Meski telah membulatkan tekad meninggalkan tanah air, namun perpisahan dengan suami dan anaknya yang baru saja masuk sekolah Taman Kanak-Kanak terasa sangat berat. “Saya pergi saat anak saya berangkat sekolah,” kenang Siti sambil meneteskan air mata.
Kontrak kerja selama dua tahun di Tabuk, Arab Saudi terasa sangat lama bagi Siti. Apalagi delapan bulan pertama dilalui sendirian lantaran sang majikan tak pernah menyampaikan surat-surat yang dikirim suaminya dari Indonesia. Siti diminta fokus menjaga tiga anak mereka yang masing-masing berusia 2 tahun, 4 tahun, dan 8 tahun. Ditambah dengan kewajiban membersihkan rumah yang tak kecil.
Celakanya, apa yang dikhawatirkan suaminya terbukti. Siti Rukayah mulai mendapat perlakuan tak menyenangkan dari majikannya. Selain menahan surat yang dikirim dari Indonesia, tak jarang majikan laki-lakinya mengancam akan menembaknya dengan senjata api.
Saat itulah Siti Rukayah memutuskan untuk kembali ke tanah air. Dia merasa uang hasil bekerjanya sudah cukup untuk membiayai hidup di kampung halaman. Selain mengirimkan uang ke Indonesia, Siti Rukayah juga menabung sebagian gajinya di sana.
Belum genap dua tahun bekerja sesuai kontrak, Siti Rukayah pulang ke tanah air. Kepulangannya itu sempat mendapat cibiran warga karena tidak membawa apa-apa. Saat itu sudah menjadi kebiasaan buruh migran untuk membeli benda mewah ketika pulang kampung. “Saya justru membeli benang dalam jumlah banyak,” kata Siti Rukayah.

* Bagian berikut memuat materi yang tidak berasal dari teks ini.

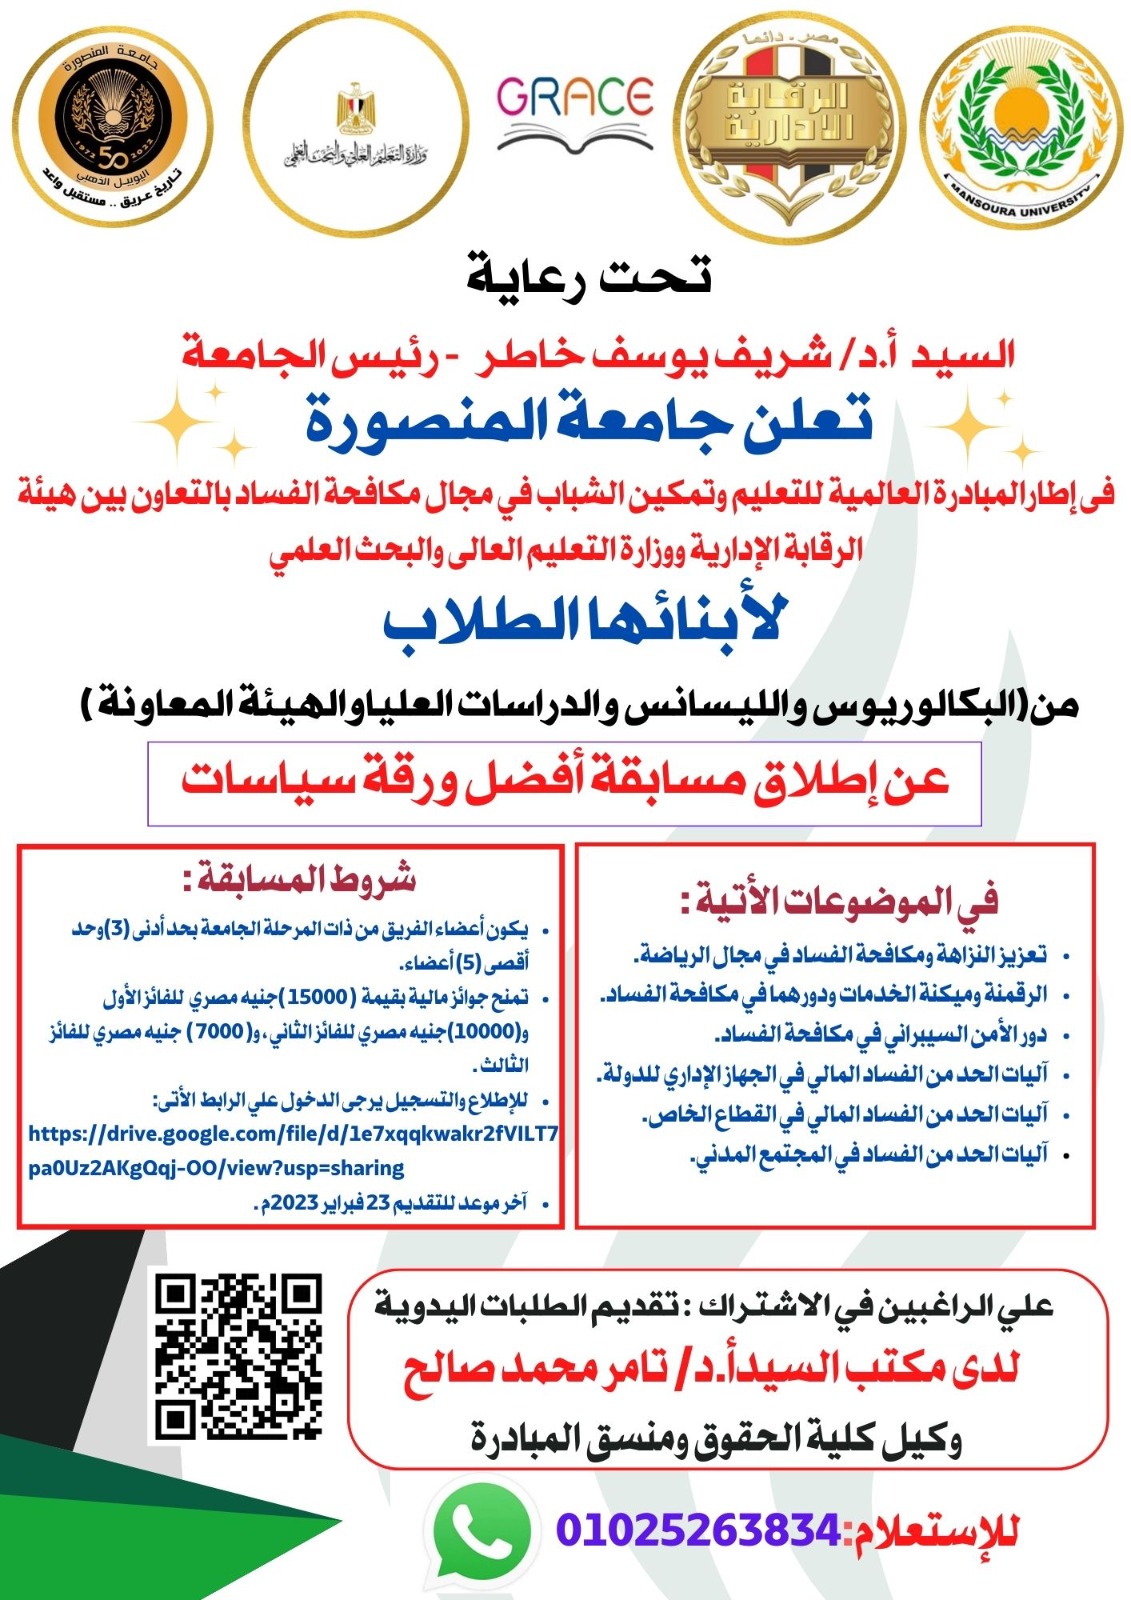  إعلان جامعة المنصورة عن إطلاق مسابقة أفضل ورقة سياسات

Benang itu akan menjadi amunisi untuk menggerakkan kembali empat unit mesin tenun yang mangkrak. Dengan ketelatenan dan keuletan, Siti Rukayah berhasil membangun kembali usahanya yang sempat mati.

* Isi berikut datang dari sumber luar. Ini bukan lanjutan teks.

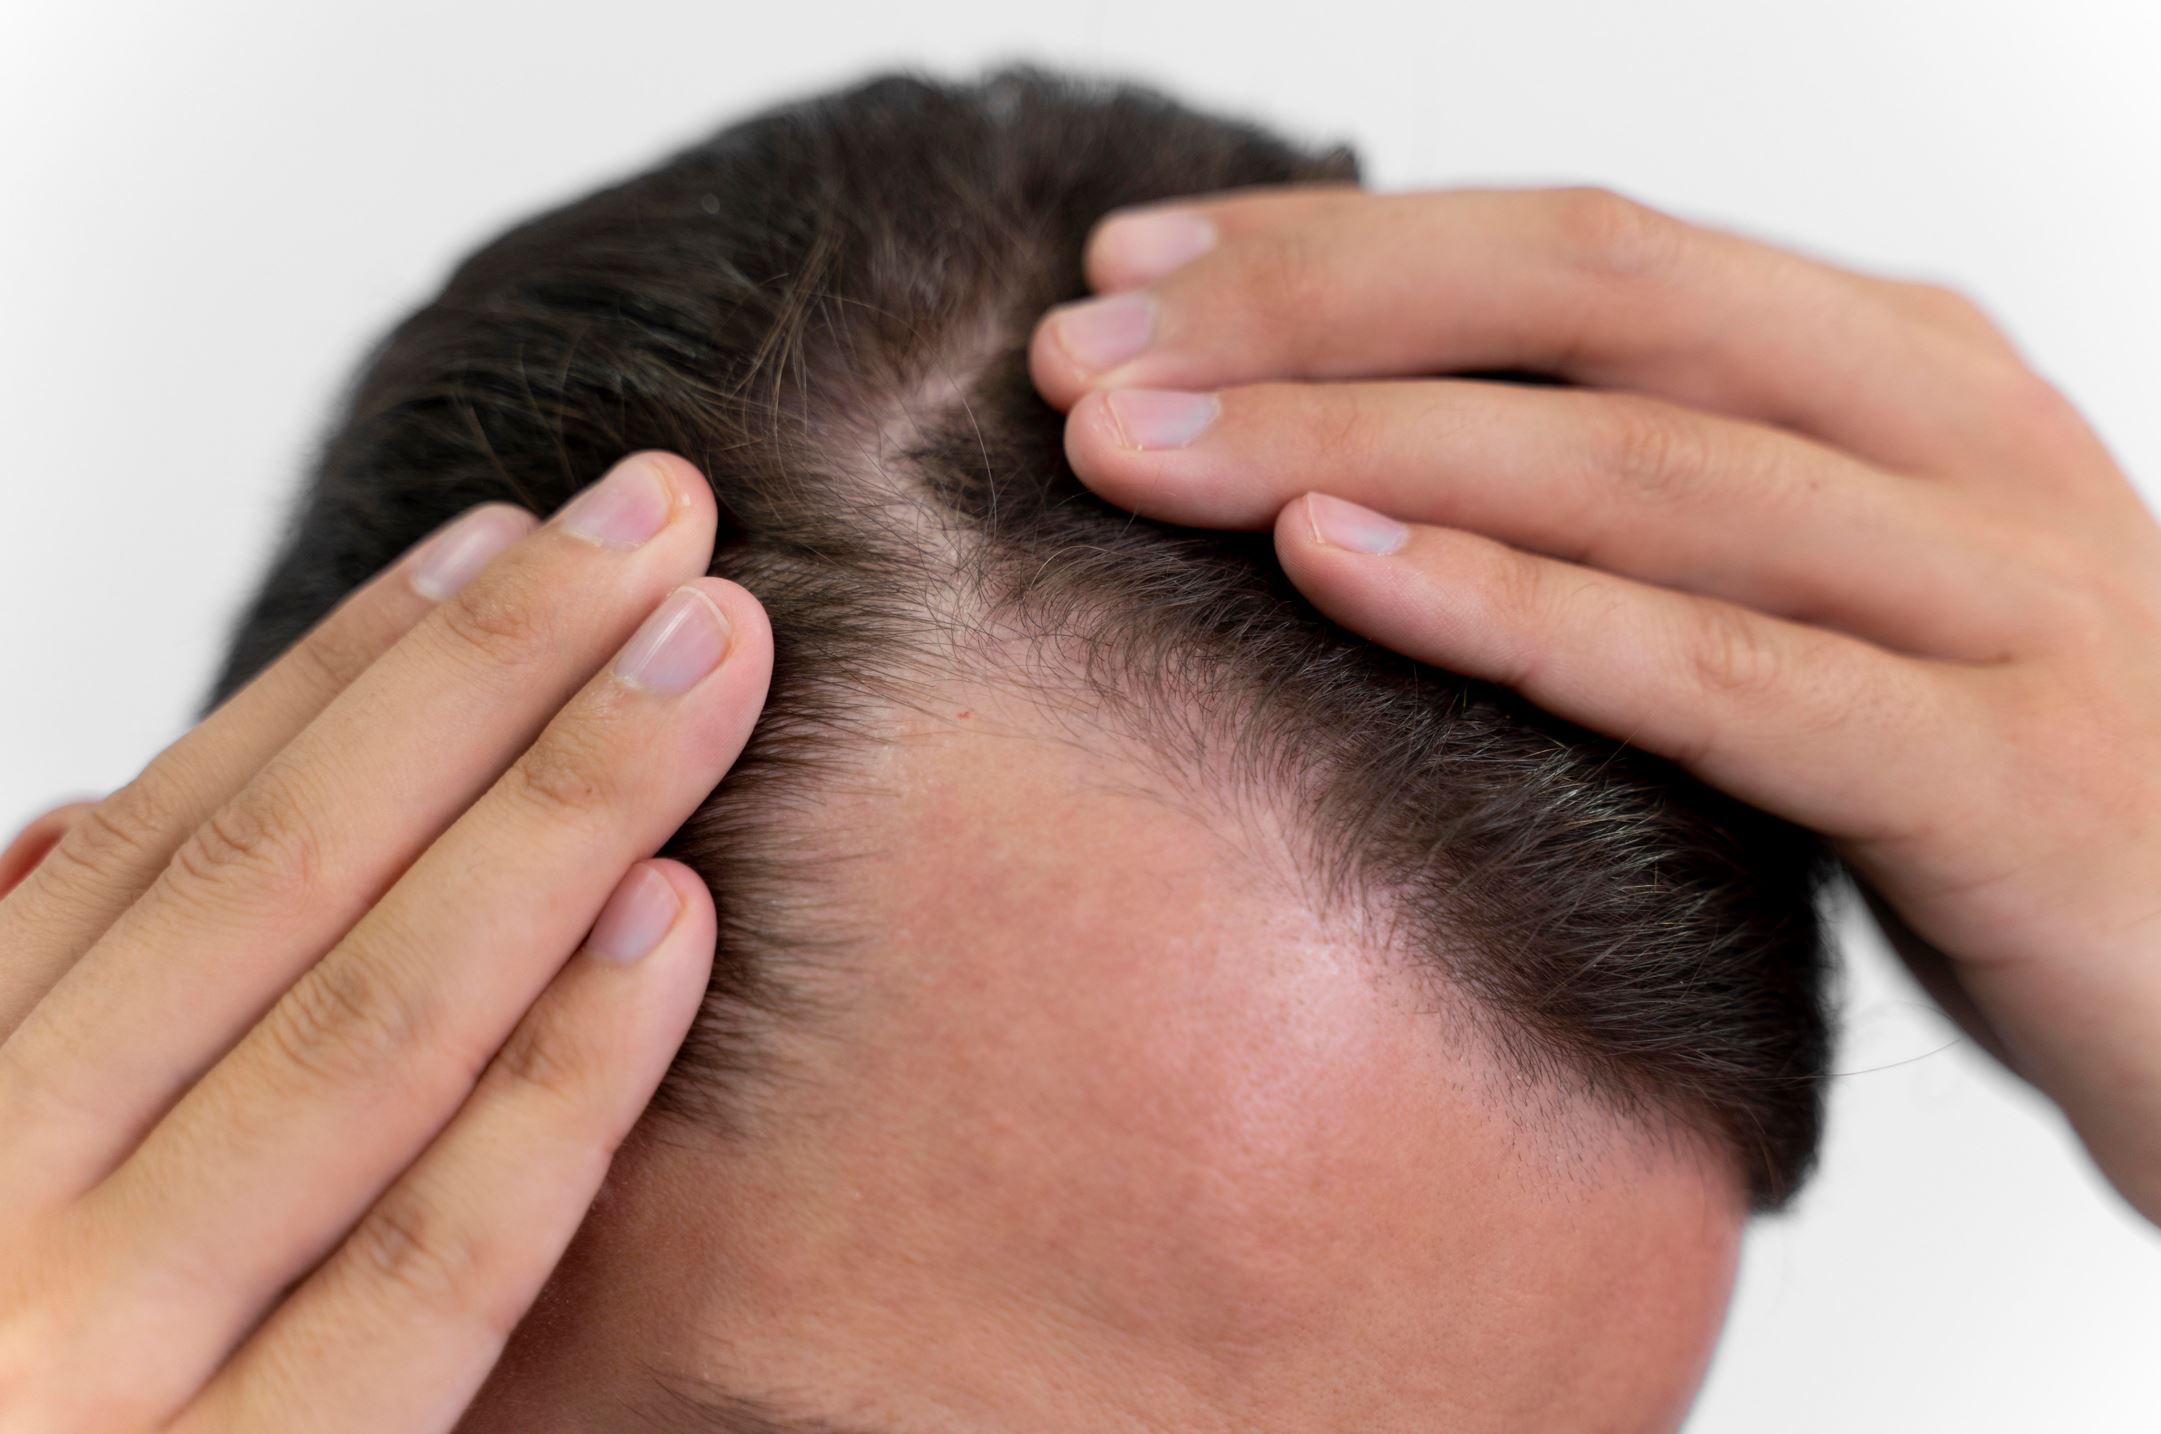 Alopecia masculina, origen, causas y tratamiento - CIO Salud

Saat ini usaha yang diberi label Medali Mas berkembang pesat. Jumlah karyawannya mencapai lebih dari 100 orang. Medal Mas menjadi pionir kampung tenun ikat yang menjadi ikon industri Kota Kediri.
Lima tahun lalu penghasilan Siti Rukayah tercatat Rp300 juta per bulan. Kini dia tak pernah lagi membeberkan omzetnya yang diperkirakan terus bertambah.